Having turned 41 last week, Alonso is the oldest driver on the current F1 grid by four years. Should he stay on to the upper end of his personal prediction, he would still be racing in F1 when he was 44, by which time he would have contested over 420 grands prix and be 24 years on from his debut with Minardi in 2001.
He has always vehemently rejected any suggestion that his age might affect his performances, joking last year that at 40 he would beat his 23-year-old self “one-handed”.
Szafnauer said the age element was the main reason Alpine was reluctant to give the kind of commitment Alonso wanted.
“I think that was the crux of the going one-plus-one as opposed to two-plus-one or three-plus-one or three years,” he said.
“There does come a time where something happens physiologically to a driver, and you don’t have the same abilities you did when you were younger.
“And I think it happened to Michael – I think it’s fair to say Michael Schumacher at 42 was not the same driver he was at 32 or at 35.
“And it happens to other sportsmen – cricketers, with all due respect to all of you that play cricket, it’s not such a physically strenuous sport. It’s all about eye-hand coordination, moving the bat to the right millimetres.
“But at 32, 33, 34, the best batsmen in the world can’t do it anymore. And that’s because something happens to them.
“And it happens to race car drivers too. So we’re in favour of, yes, if you’re performing to the high level for sure, we’ll keep you. But let’s do it one year at a time – and I think he wanted a longer duration.”
Szafnauer underlined that he did not think Alonso’s performances were tailing off at all yet, but expressed doubt over whether that would still be the case if he did three more years with Aston Martin.
“He’s a great, great driver – among the best I’ve worked with,” said Szafnauer.
“He still is competing at a very high level, he’s still fast, in tricky conditions – which really shows the driver’s skill – he’s even better, and we saw that this year.
“If that continues for another three years, great; great for Aston and Fernando. I don’t know when that will wane.”
Aston Martin has described its deal with Alonso as being multi-year.

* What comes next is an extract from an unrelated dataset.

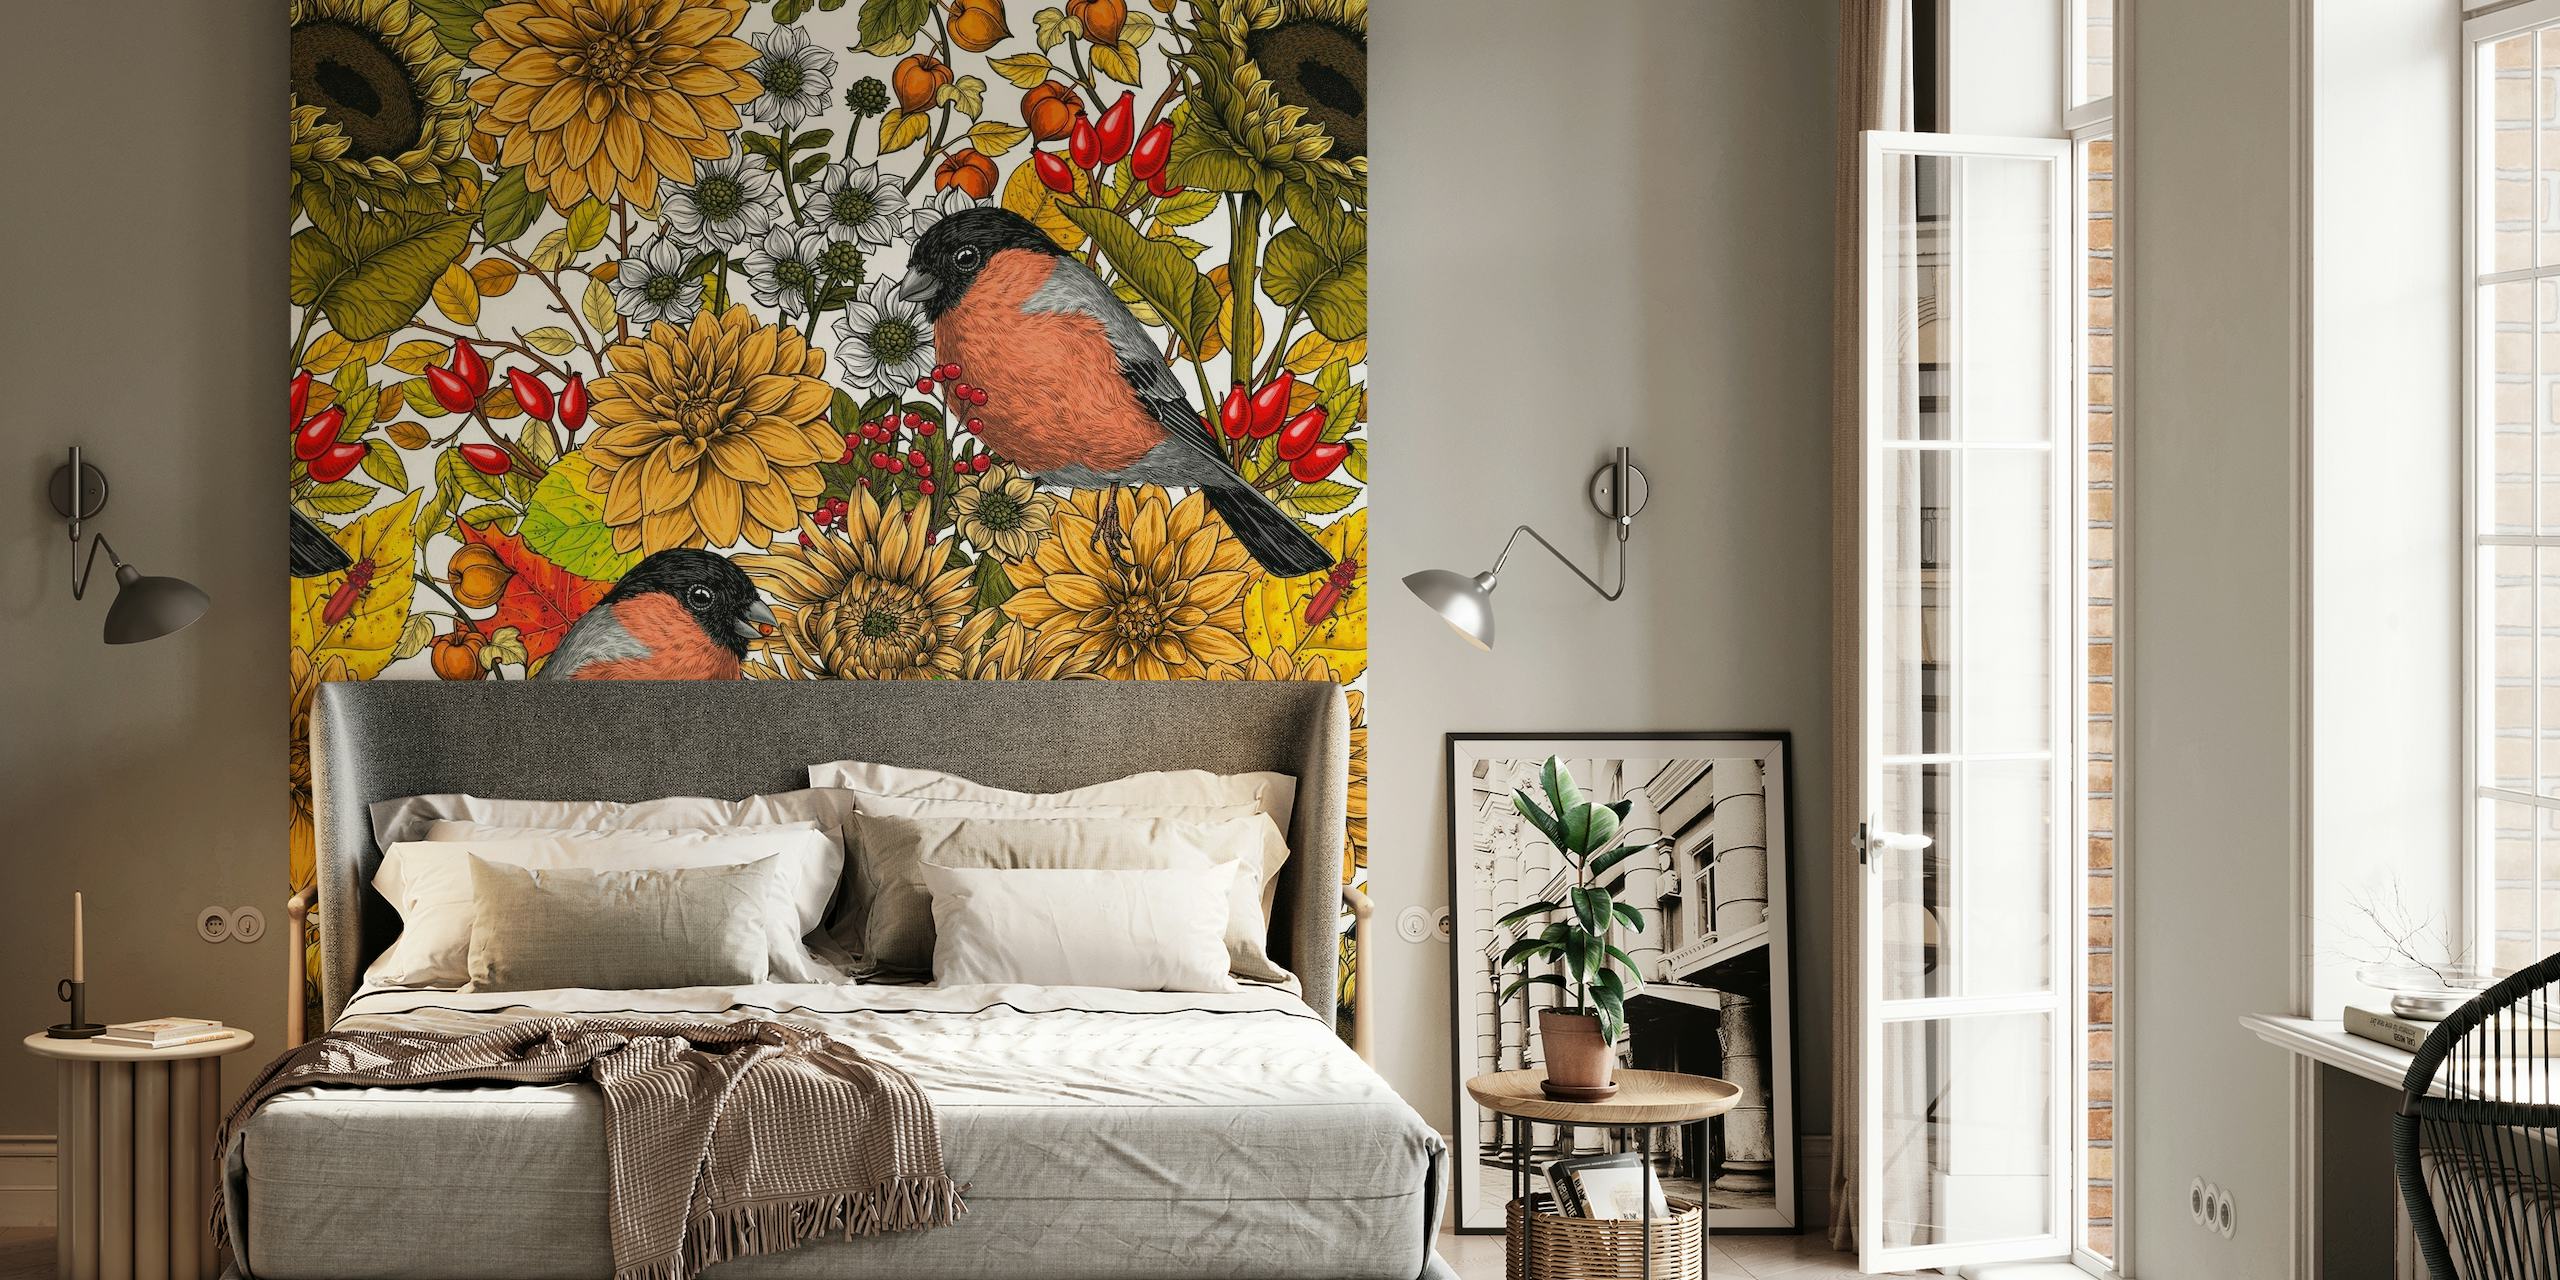 Vægmaleri med solsikker, morgenfruer og fugle, der repræsenterer efterårets havelandskab

Alpine CEO Laurent Rossi had openly suggested at the French Grand Prix in late July that when Alonso finished racing in F1 he could move across to Alpine’s World Endurance Championship programme, a prospect Alonso – who won both the WEC title and two editions of the Le Mans 24 Hours with Toyota during his late-2010s F1 hiatus – then distanced himself from, saying “even thinking about sportscars or Indy or whatever is like, ‘not now’.”

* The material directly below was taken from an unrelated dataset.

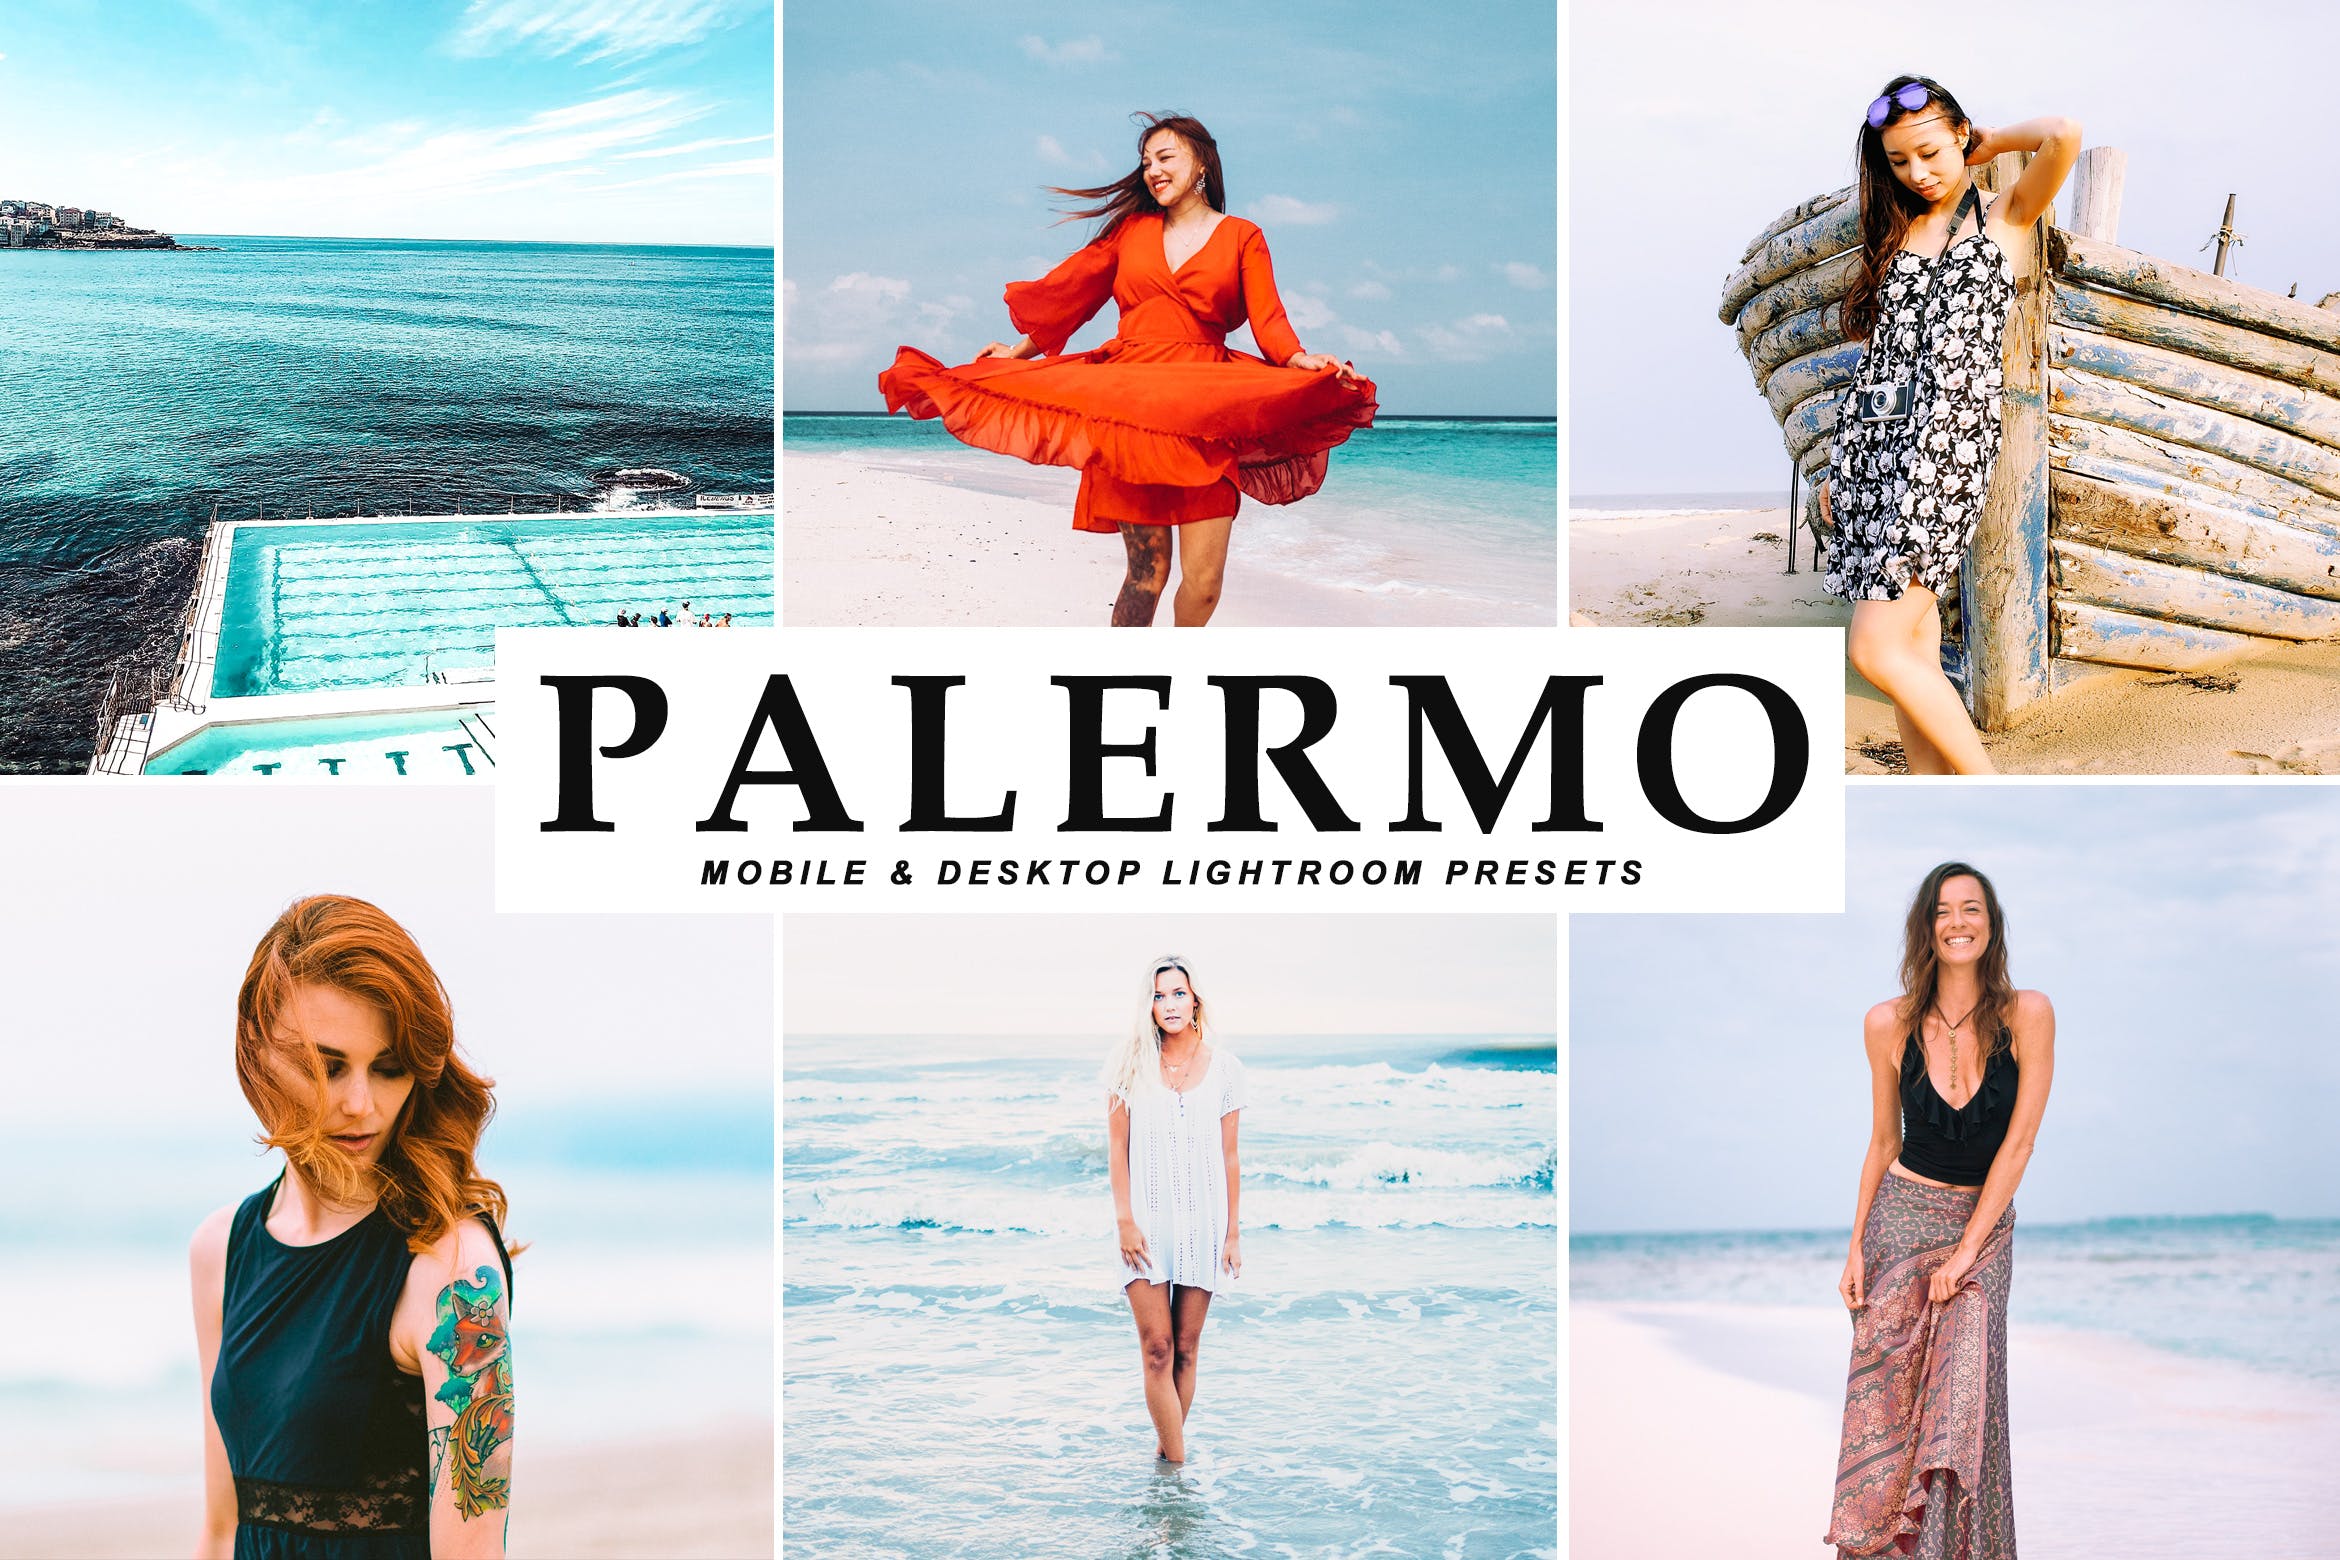 沙滩海岛阳光照片调色滤镜大洋岛精选LR预设 Palermo Mobile & Desktop Lightroom Presets插图

Szafnauer said Alonso was well aware of Alpine’s sportscar hopes for him and had not objected.
“We had conversations with Fernando and so did Laurent, regarding ‘when you do finish in Formula 1, we would love for you to continue in the family and go do other racing with Alpine’,” Szafnauer insisted.

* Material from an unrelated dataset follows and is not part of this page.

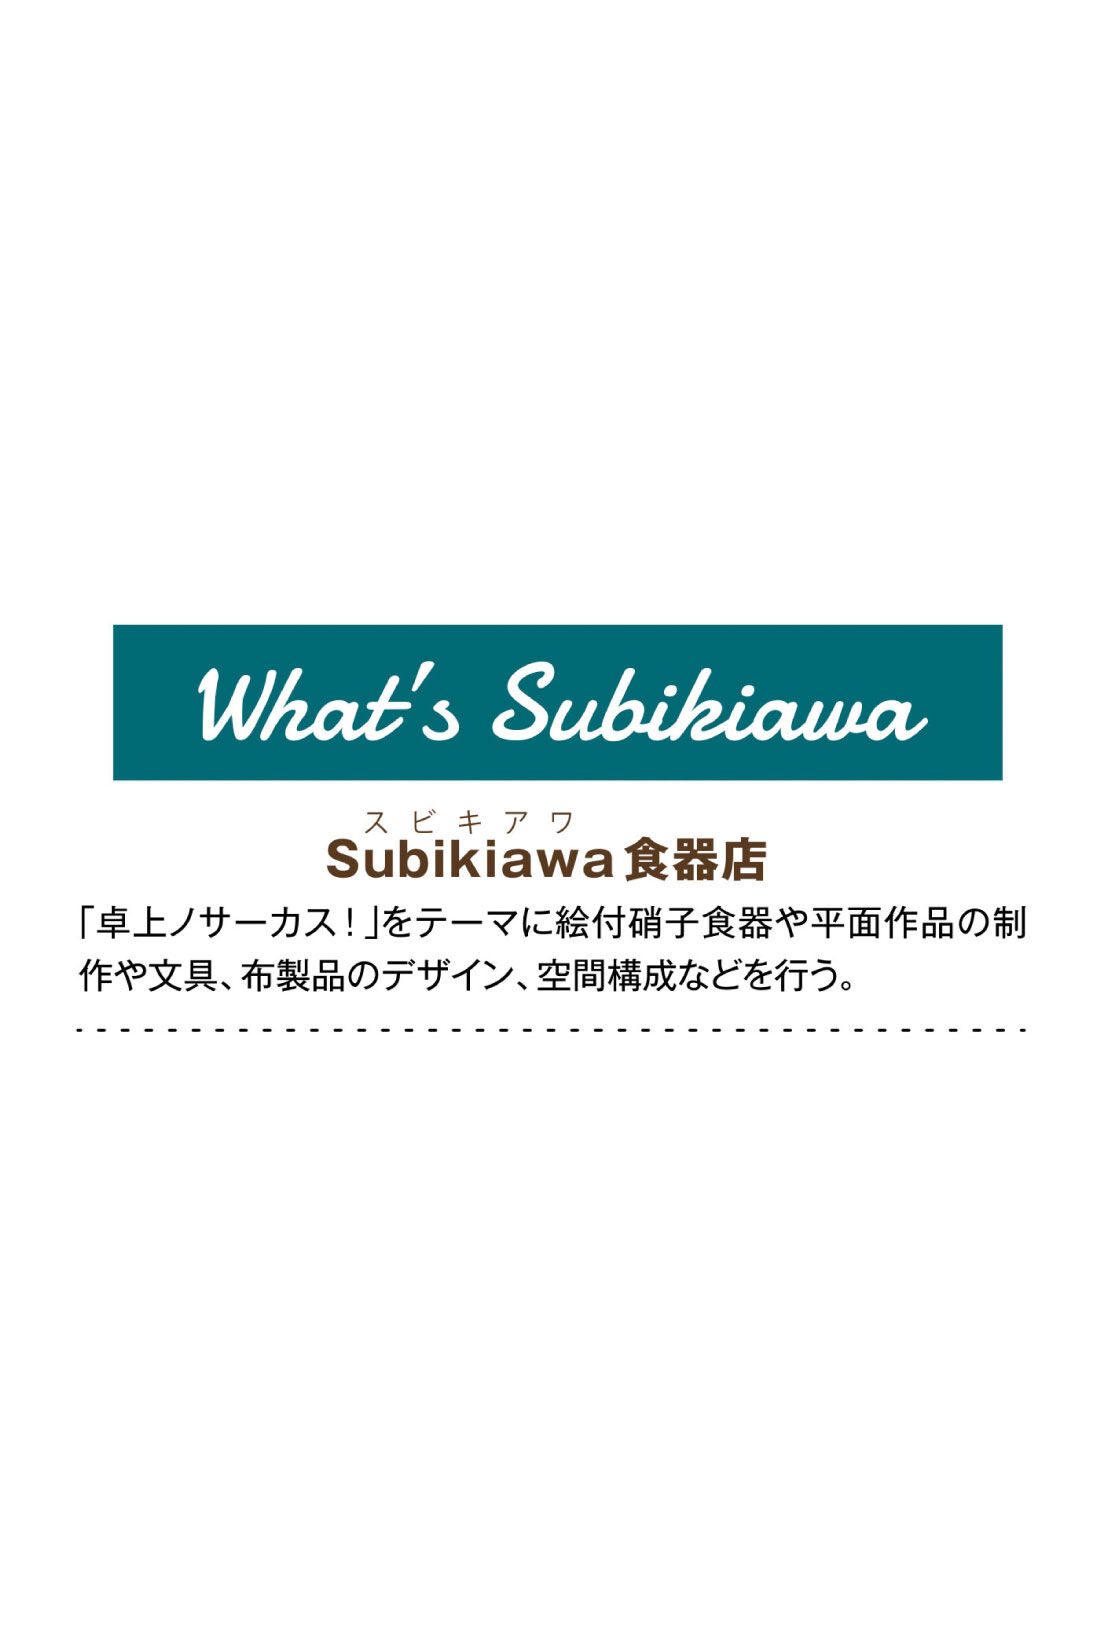 フェリシモMama|Subikiawa食器店さんとつくった クリームソーダ柄のトートバッグ

“So it wasn’t really a surprise to Fernando because he agreed to do that and thought it was a good idea.
“The question was when will that happen? But when it does happen, going to Le Mans, he was absolutely happy to continue down that road.”
The identity of Alpine’s replacement for Alonso remains in doubt as its announcement that it was promoting its reserve driver Oscar Piastri for 2023 on Tuesday was swiftly followed by Piastri himself insisting that would not be the case. It is believed his management is trying to get him into McLaren in place of Daniel Ricciardo.